In April 1942, Flyorov directed two classified letters to Stalin, warning him of the consequences of the development of atomic weapons: "the results will be so overriding [that] it won't be necessary to determine who is to blame for the fact that this work has been neglected in our country."[26] The second letter, by Flyorov and Konstantin Petrzhak, highly emphasized the importance of a "uranium bomb": "it is essential to manufacture a uranium bomb without a delay."[25]
Upon reading the Flyorov letters, Stalin immediately pulled Russian physicists from their respective military services and authorized an atomic bomb project, under engineering physicist Anatoly Alexandrov and nuclear physicist Igor V. Kurchatov.[25] [24] For this purpose, the Laboratory No. 2 near Moscow was established under Kurchatov.[25] Kurchatov was chosen in late 1942 as the technical director of the Soviet bomb program; he was awed by the magnitude of the task but was by no means convinced of its utility against the demands of the front. Abram Ioffe had refused the post as he was too old, and recommended the young Kurchatov.
At the same time, Flyorov was moved to Dubna, where he established the Laboratory of Nuclear Reactions, focusing on synthetic elements and thermal reactions.[24] In late 1942, the State Defense Committee officially delegated the program to the Soviet Army, with major wartime logistical efforts later being supervised by Lavrentiy Beria, the head of NKVD.[22]
In 1945, the Arzamas 16 site, near Moscow, was established under Yakov Zel'dovich and Yuli Khariton who performed calculations on nuclear combustion theory, alongside Isaak Pomeranchuk.[27] Despite early and accelerated efforts, it was reported by historians that efforts on building a bomb using weapon-grade uranium seemed hopeless to Russian scientists.[27] Igor Kurchatov had harboured doubts working towards the uranium bomb, but made progress on a bomb using weapon-grade plutonium after British data was provided by the NKVD.[27]
The situation dramatically changed when the Soviet Union learned of the atomic bombings of Hiroshima and Nagasaki in 1945.[28]
Immediately after the atomic bombing, the Soviet Politburo took control of the atomic bomb project by establishing a special committee to oversee the development of nuclear weapons as soon as possible.[28] On 9 April 1946, the Council of Ministers created KB–11 ('Design Bureau-11') that worked towards mapping the first nuclear weapon design, primarily based on the American approach and detonated with weapon-grade plutonium.[28]

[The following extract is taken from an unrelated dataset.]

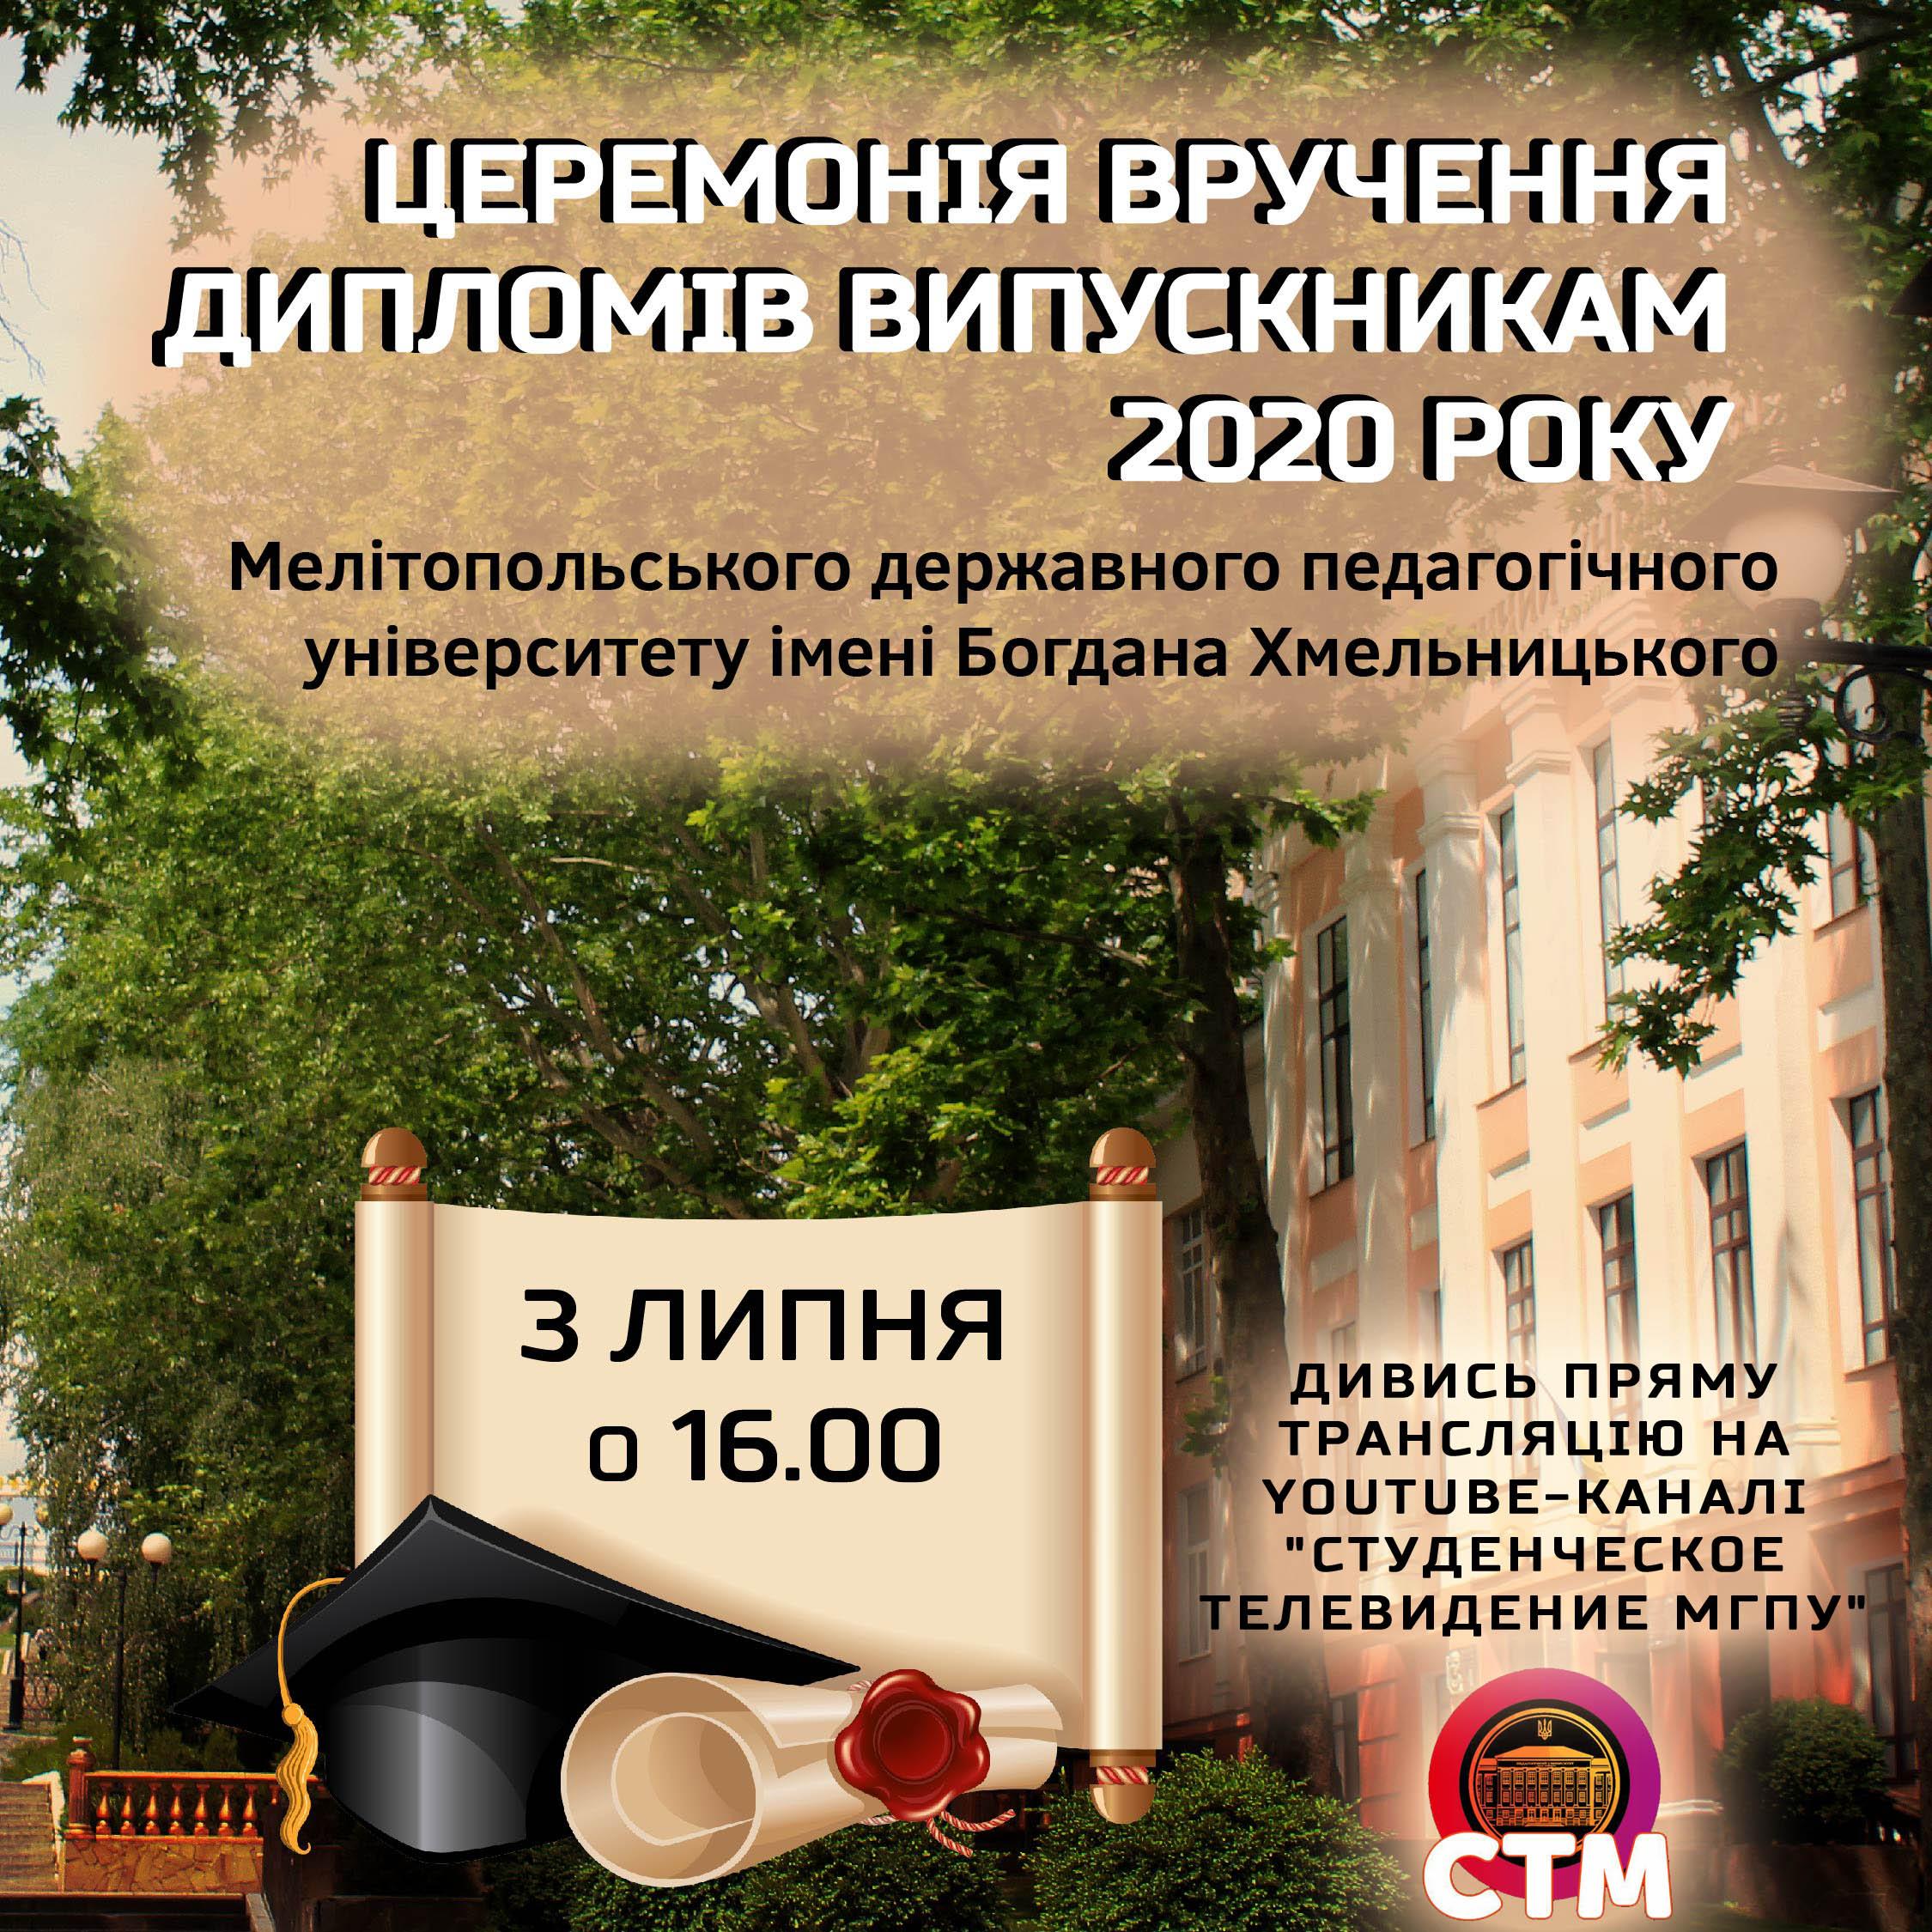 Церемонія вручення дипломів випускникам 2020 року

Work on the program was accelerated by constructing a nuclear research reactor near Moscow which went critical for the first time on 25 October 1946.[28] Even while this facility was still in the planning stage, a government commission inspected and approved a location east of the Urals for a plutonium production facility similar to the American Hanford Site, with nuclear production reactor much larger in size than the research reactor, combined with a radiochemical extraction factory. Constructed some fifteen miles east of the small town of Kyshtym, this plutonium production complex came to be known as Chelyabinsk-40 and later still, as Mayak.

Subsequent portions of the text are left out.